The Civil Lines is a residential area and one of the 3 subdivisions of the Central Delhi district of Delhi in India. It is one of the 12 zones under the Municipal Corporation of Delhi. It was the hub of European-style hotels in the city until New Delhi came into being in 1911. The official residence of the Lieutenant Governor of Delhi is also located at Raj  Niwas Marg, Civil Lines.

History

The name Civil Lines is a relic of British Raj times, when the city of Delhi was organized into separate areas where the British military and civilian buildings were located. Areas, where civilians lived, were demarcated as Civil Lines. One monument of the British Raj era is the Metcalfe House, Delhi. This is where the administration and governance of the Indian Empire were conducted by nineteen Governor Generals (Viceroys) from Charles Hardinge to Lord Irwin at their offices housed in the Old Secretariat building on the Alipore Road, and the residence of these Governor Generals was the prestigious bungalow at 1.Alipore Road which was vacated by the British Indian government in 1930 to relocate the residence for succeeding viceroys at a palatial complex on the Raisina hill in Lutyens' Delhi known as the Viceroy's House. The bungalow at 1. Alipore Road today houses the Indra Prastha College for Women. The Old Secretariat after 1931 housed the offices of the British Indian Army and the Post Master General and the adjoining Army Press. After independence, It became the seat of Delhi's Metropolitan Council and currently houses several offices of the Central Government like the Publications Department and offices of the Delhi Administration. The Viceroy's House today is the official residence of the Presidents of the Indian Republic and is called the Rashtrapati Bhawan. The offices of the Old Secretariat at Alipore Road were also relocated in 1931 to the New Secretarial Building at Lutyens' Delhi adjoining the Vice Roy's House and is called the Central Secretariat today.
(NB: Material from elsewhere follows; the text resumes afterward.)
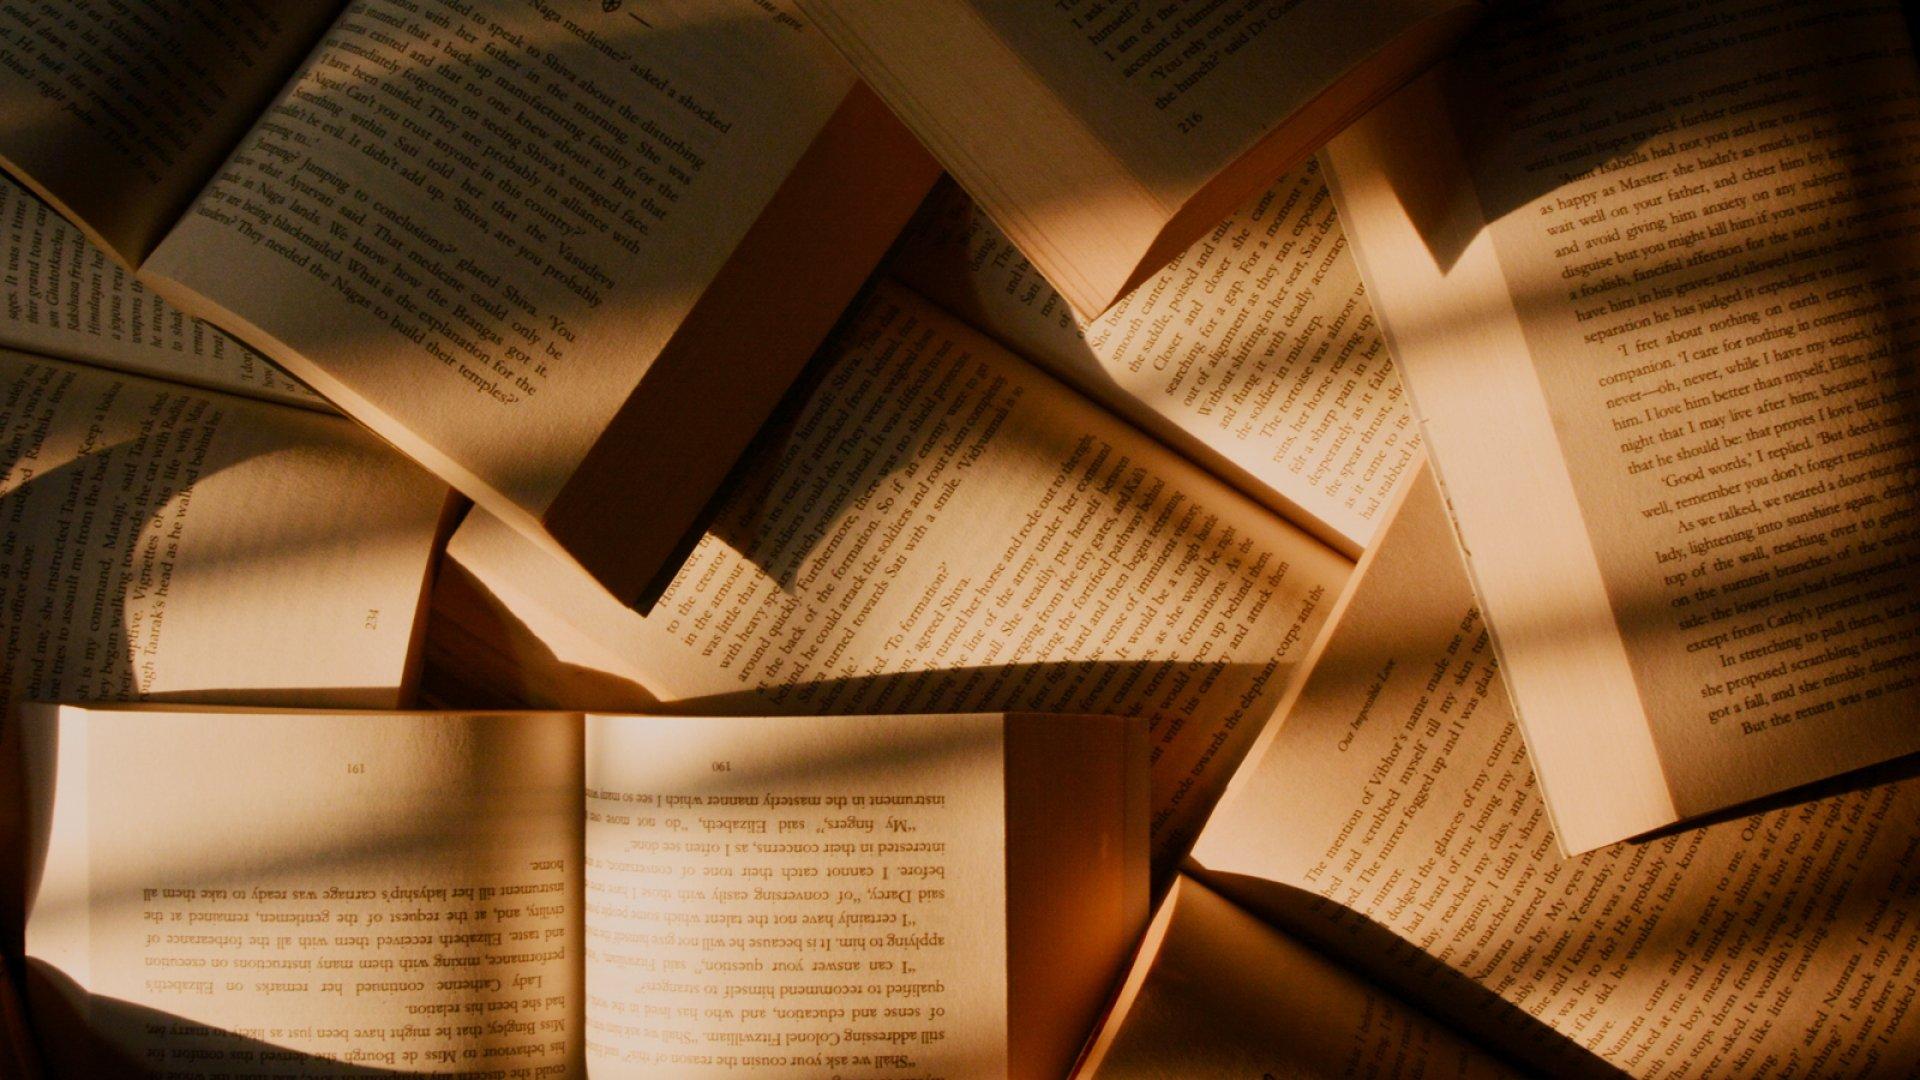 კულტურის, სპორტის და ახალგაზრდულ საქმეთა სააგენტო აგრძელებს სხვადასხვა ჟანრის  წიგნების გამოცემას

One of the earliest modern hotels in Delhi was the Maidens Hotel, later Oberoi Maidens, built-in 1903. It was situated in the Civil Lines, where all European-style hotels were situated and the officers of British Raj stayed. Other hotels in the area were Swiss Hotel and Hotel Cecil, run by Robert Hotz family, which also owned Wildflower Hall and Cecil Hotel in Shimla. Hotel Cecil was later demolished and today St. Xavier's School stands on the location.

Raj Niwas, the official residence of the Lieutenant Governor of Delhi, the head of state of Delhi and National Capital Territory of Delhi, is located on Raj Niwas Marg in Civil Lines. A children's home run by Mother Teresa's Missionaries of Charity lies north of Qudsia Bagh in Civil Lines. Civil Lines is quite a big area consisting of various colonies and offices. One of the main colonies is Delhi Police Staff Quarters which is just behind the Civil Lines Police Station.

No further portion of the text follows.